> INFORMATION SUPPLIED:

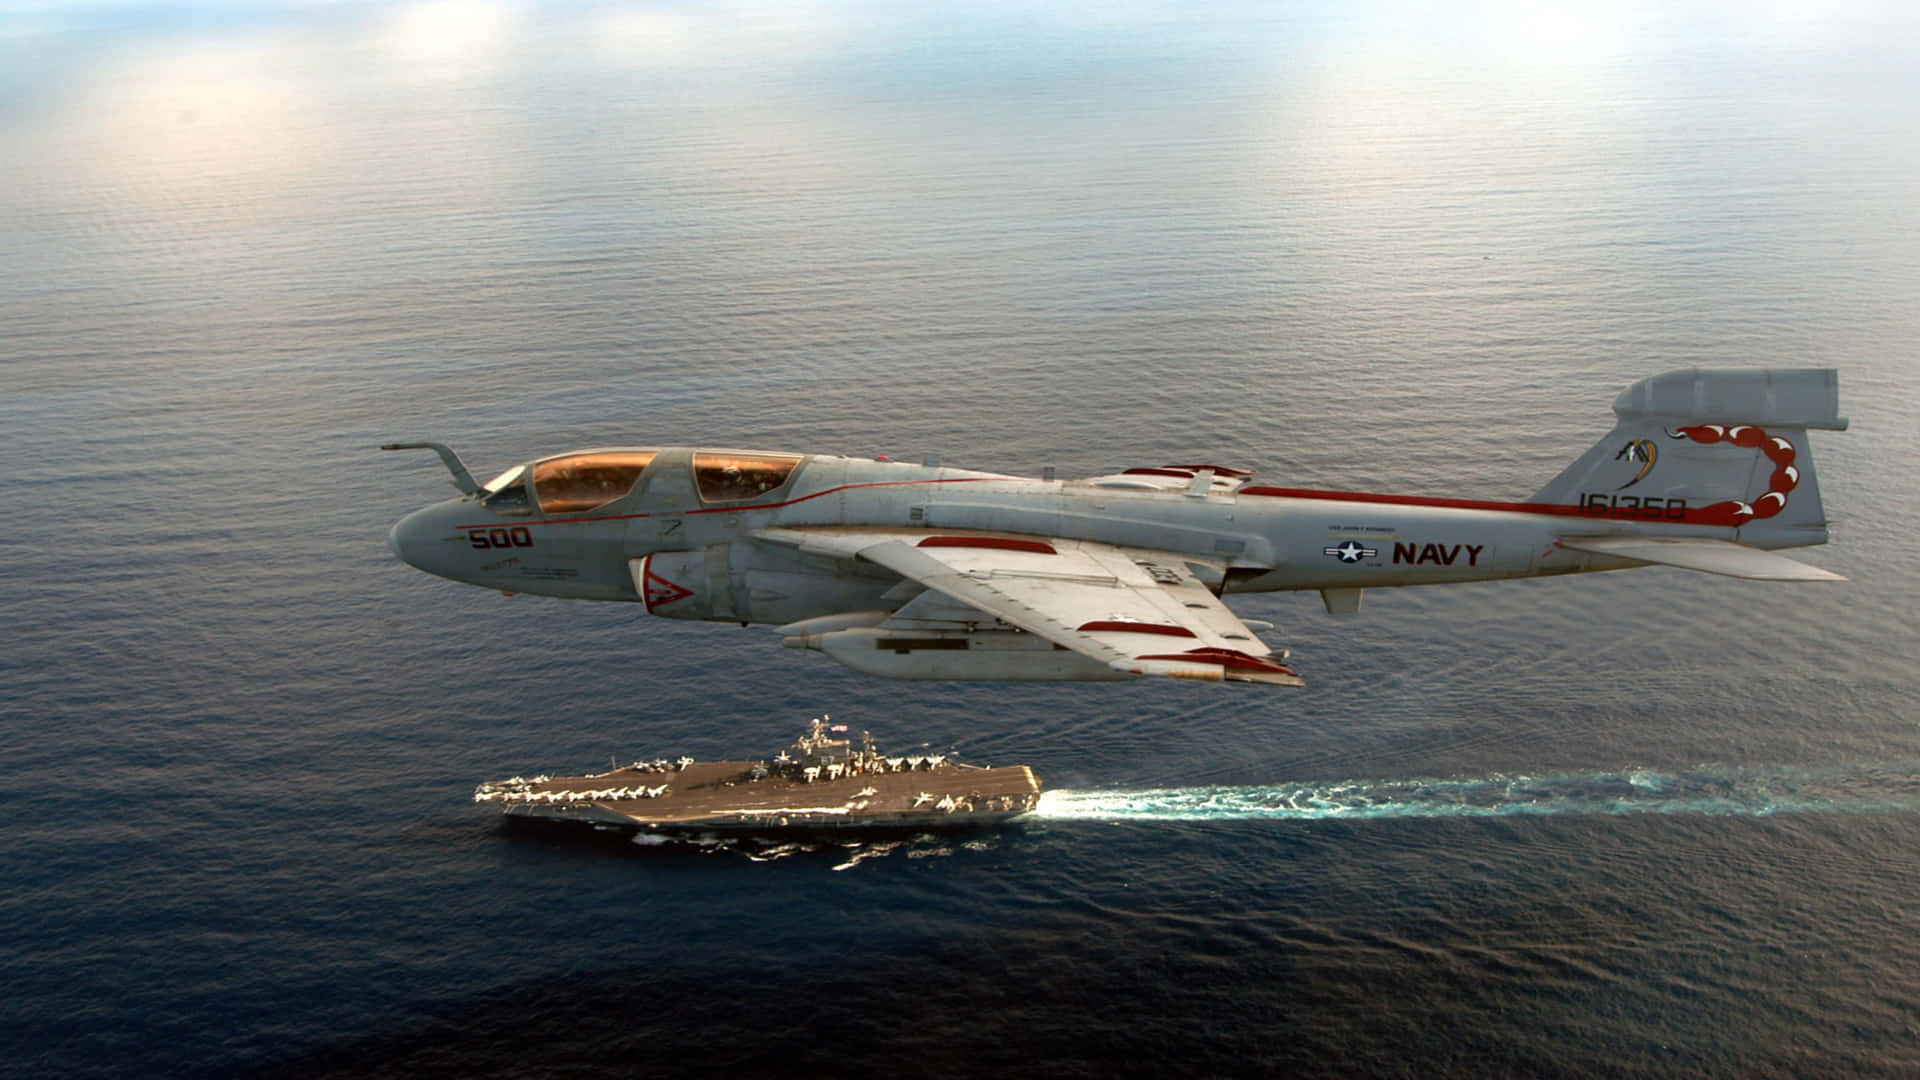 1080pjumbo Jets Northrop Grumman Prowler Bakgrund.
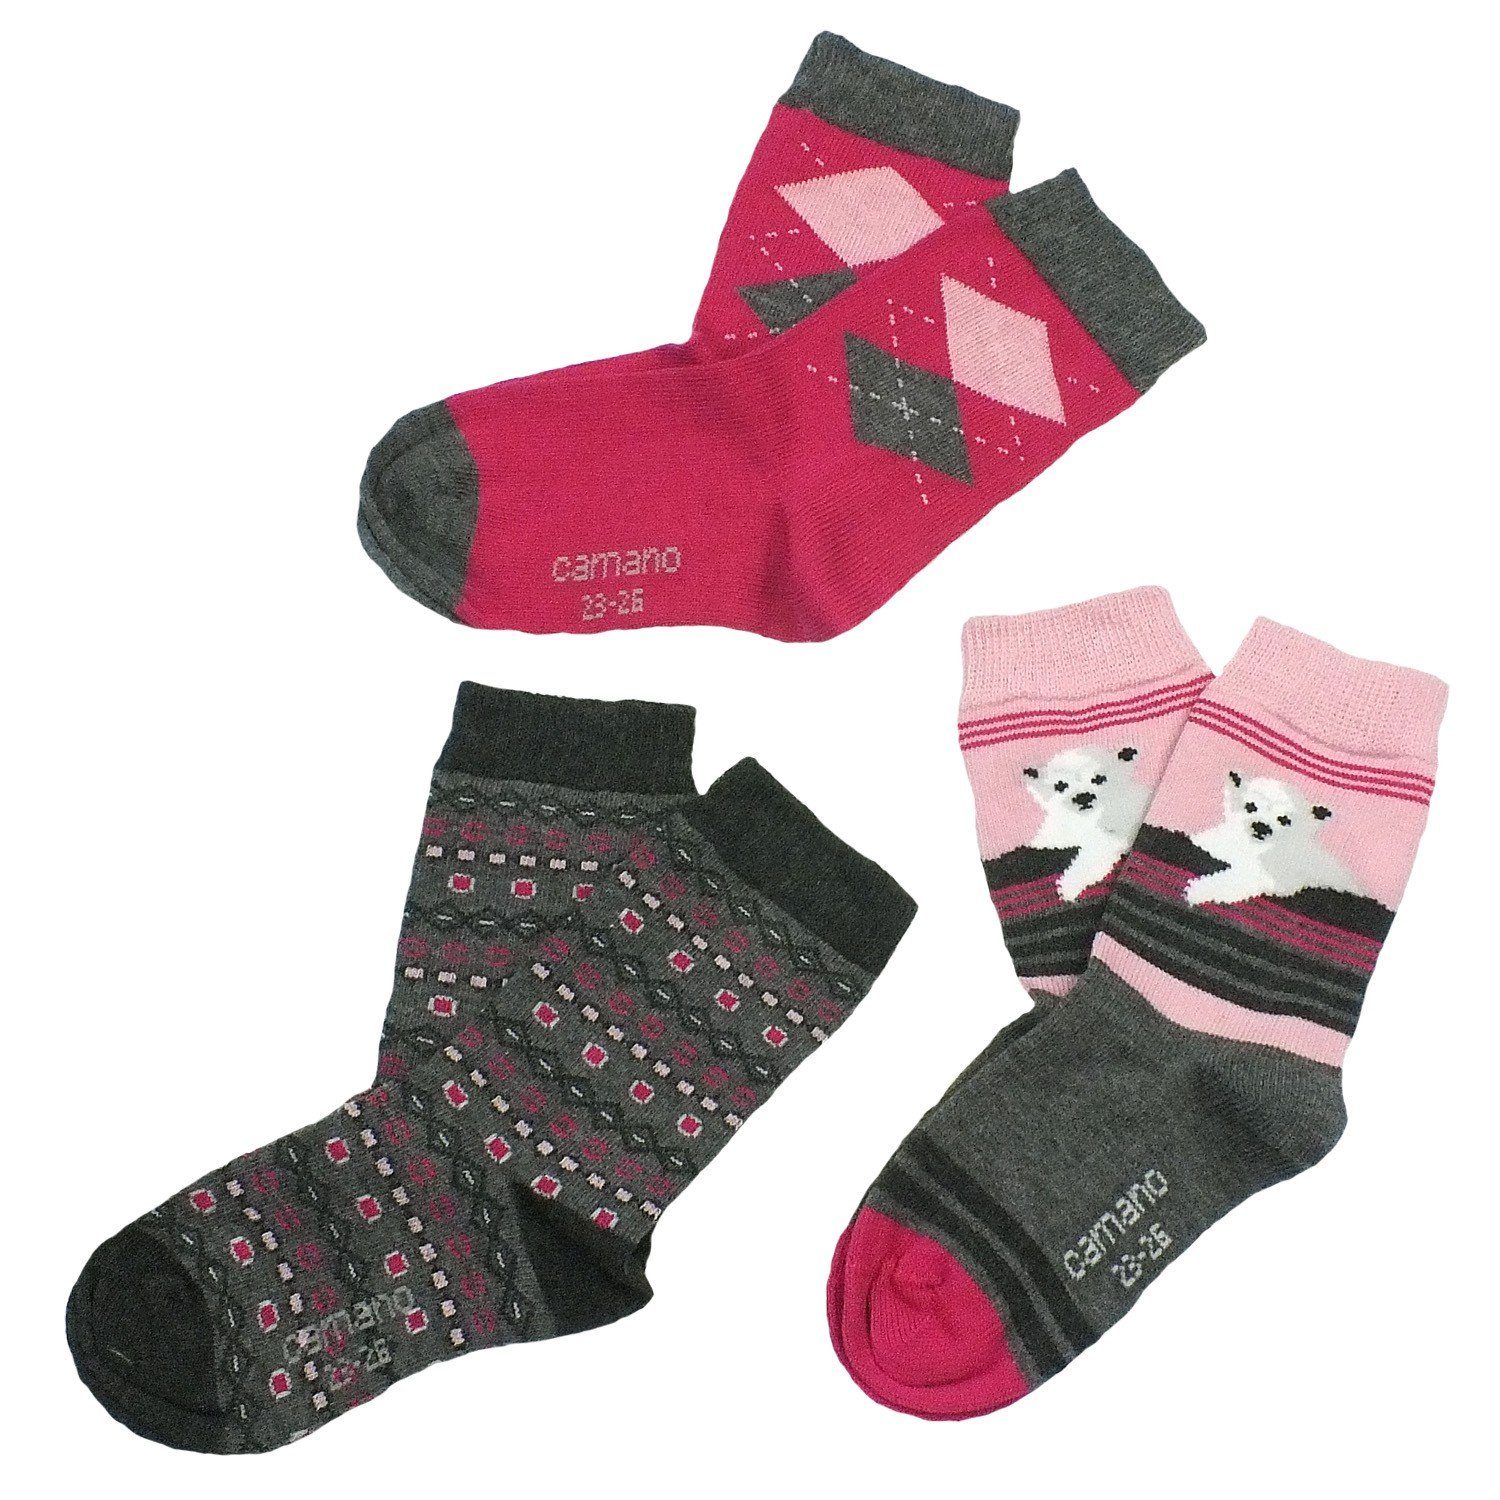 Camano Langsocken Paar) 3 CA3821 Jungen Kinder Socken, mit Baumwolle, Kindersocken (Packung, & Mädchen
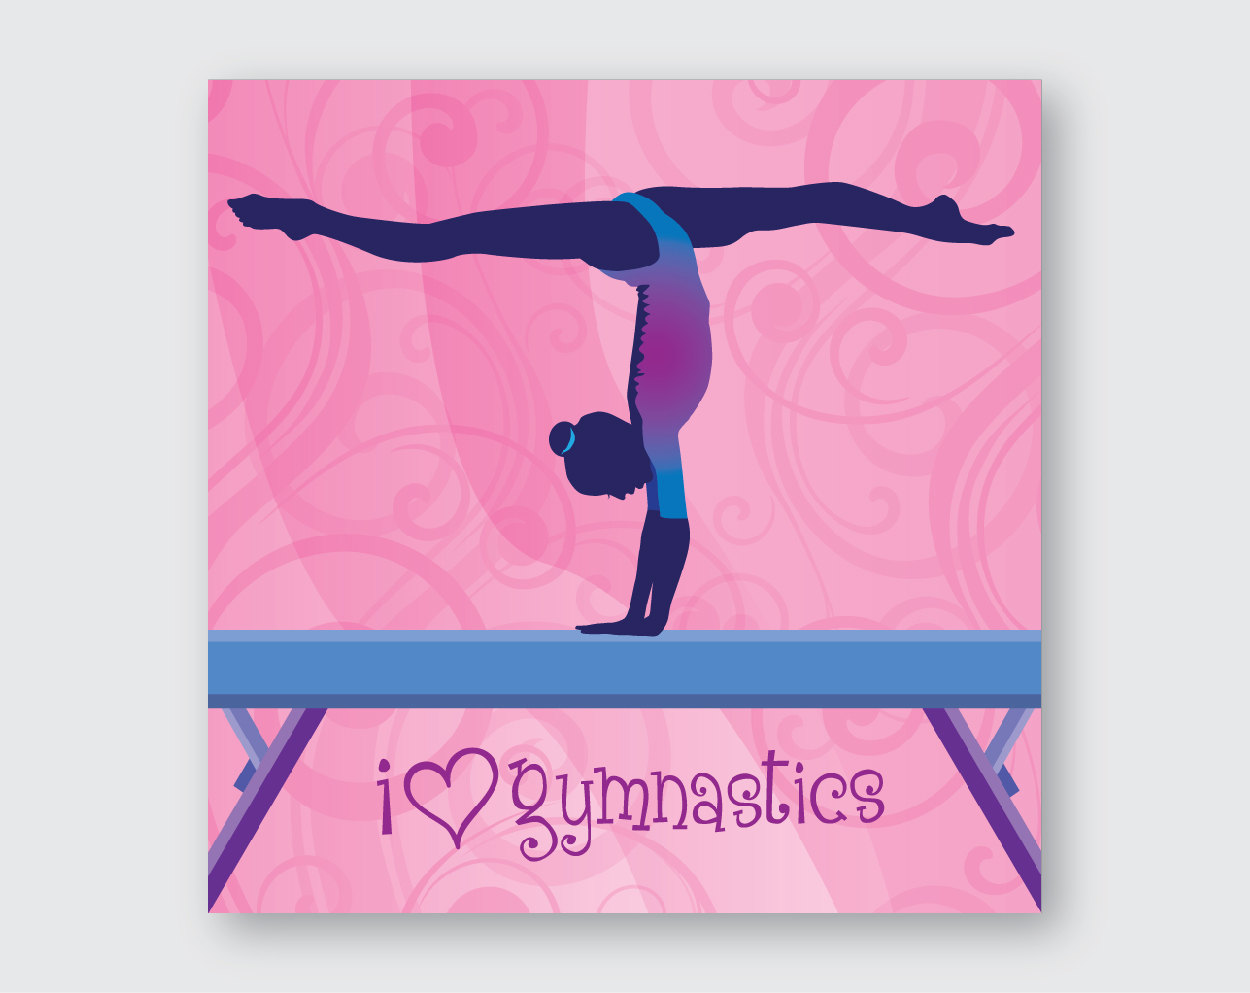 44+] Gymnastics Wallpaper for Rooms - WallpaperSafari

> WORK TO COMPLETE: Starting at the line that contains "Camano Langsocken Paar)", please write out each line through the last line of the data, both ends included, and keep pictures out of the copy.

> THE COMPLETED TASK:
 Camano Langsocken Paar) 3 CA3821 Jungen Kinder Socken, mit Baumwolle, Kindersocken (Packung, & Mädchen
 44+] Gymnastics Wallpaper for Rooms - WallpaperSafari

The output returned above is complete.